Allan Kaval notes that “so far the PKK has not launched a call for all-out action against the Turkish state” — implying that if it did, things would be going far worse for the state. He relies on an unnamed HDP spokesperson for Şırnak to argue that only Öcalan can call on the people to restore peace and calm, but that he has been kept incommunicado for months.

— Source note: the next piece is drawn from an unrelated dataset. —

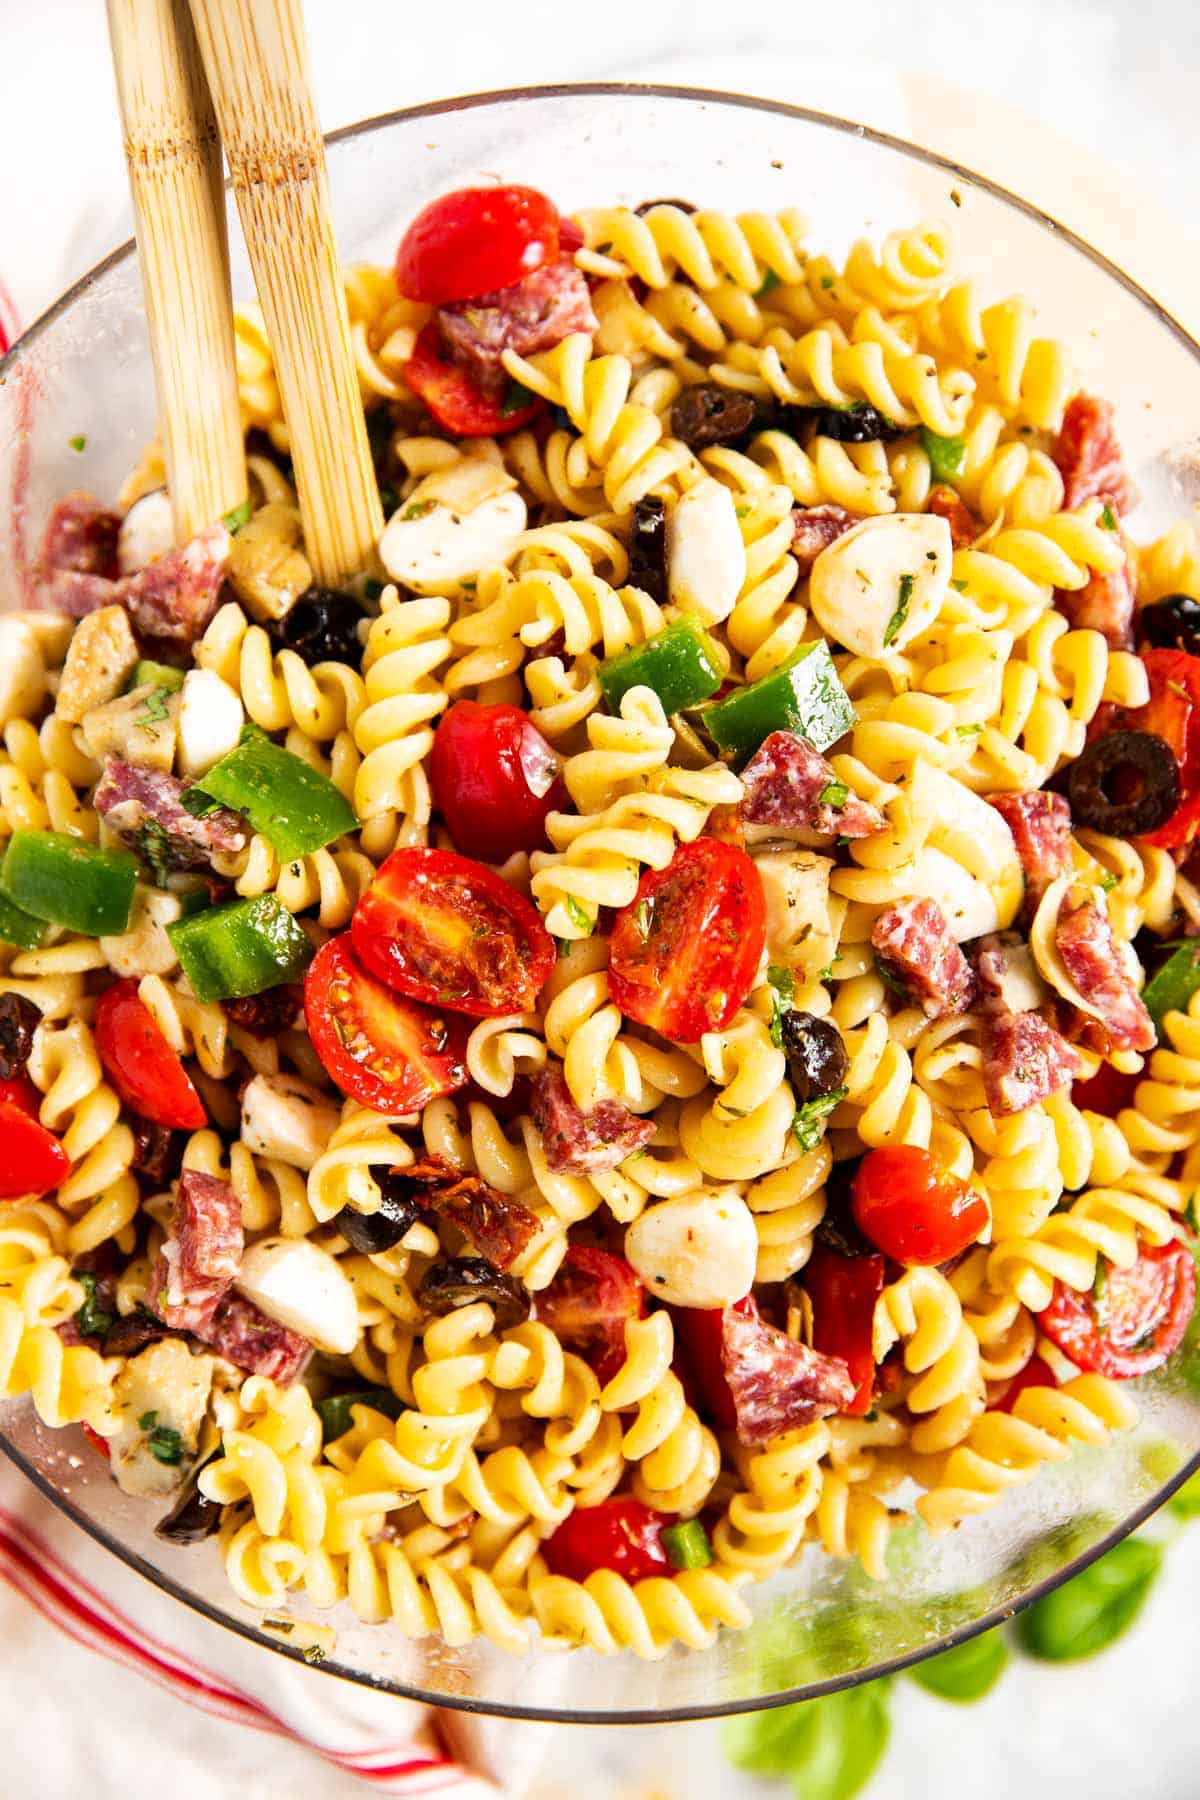 https://www.savorynothings.com/wp-content/uploads/2021/05/italian-pasta-salad-recipe-image-1.jpg

The possibility that after a relative calm of two years a war that nobody wants might break out yet again feeds into young people’s growing anger against the government, stresses Kaval on the way to arguing that if no solution is forthcoming, the possibility of a 1990 sort of uprising cannot be excluded.   

“Cizre is going to be just like Kobane” 

 

It isthrough  what he has to say under this last sub-title (which we for our part have carried into our main headline) Kaval really comes across as something of a spokesman for the terrorist organization. Indeed, his sub-title quotes an YDG-H member that he finds among others digging ditches to obstruct police vehicles: “If things continue like this, Cizre is going to be just like Kobane, which is what we are preparing for.”

 

Kaval does not overlook the plight of Cizre’s mothers. Thus a mom by the name of Sultan agrees that “her children have no option [!] other than to clash with the police.” She rightly complains of being unable to go to sleep while her hildren are out there fighting on the streets. At the same time, she does engage in political analyses. The sort of all-out hostility to the AKP that I have been criticizing as the wrong strategy, she propagates through the following words: “We believed in peace, yes we can live together with the Turks, but it is this government that is pitting us against each other.”  It is as if it was not this government that initiated the Peace Process, or if things would be much more peaceful if other parties were to come to power. 

 

Kaval goes on to relate how little kids keep contributing to preparations for clashing with the police by carrying earth-filled bags or lining up beer bottles containing Molotov cocktails. One of those kids must have stirred such admiration in Kaval that he quotes the child as saying: “For us, DAİŞ and the AKP are one and the same, they are enemies of the Kurds. The whole world knows that Turkey is supporting DAİŞ in Syria.”  It could be that having kids repeat a lie could be the best possible way of perpetuating it.

 

Le Monde might find it possible to claim that it has published this Allan Kaval story as part of its respect for the freedom of expression. But it is also very obviously the case that apart from all the disinformation it contains, it relies wholly and exclusively on views and voices only aligned with the PKK (which happens to be recognized as a “terrorist organization” by the world at large) while not giving place to any other opinions. Thus it does reflect on the paper’s credibility and prestige.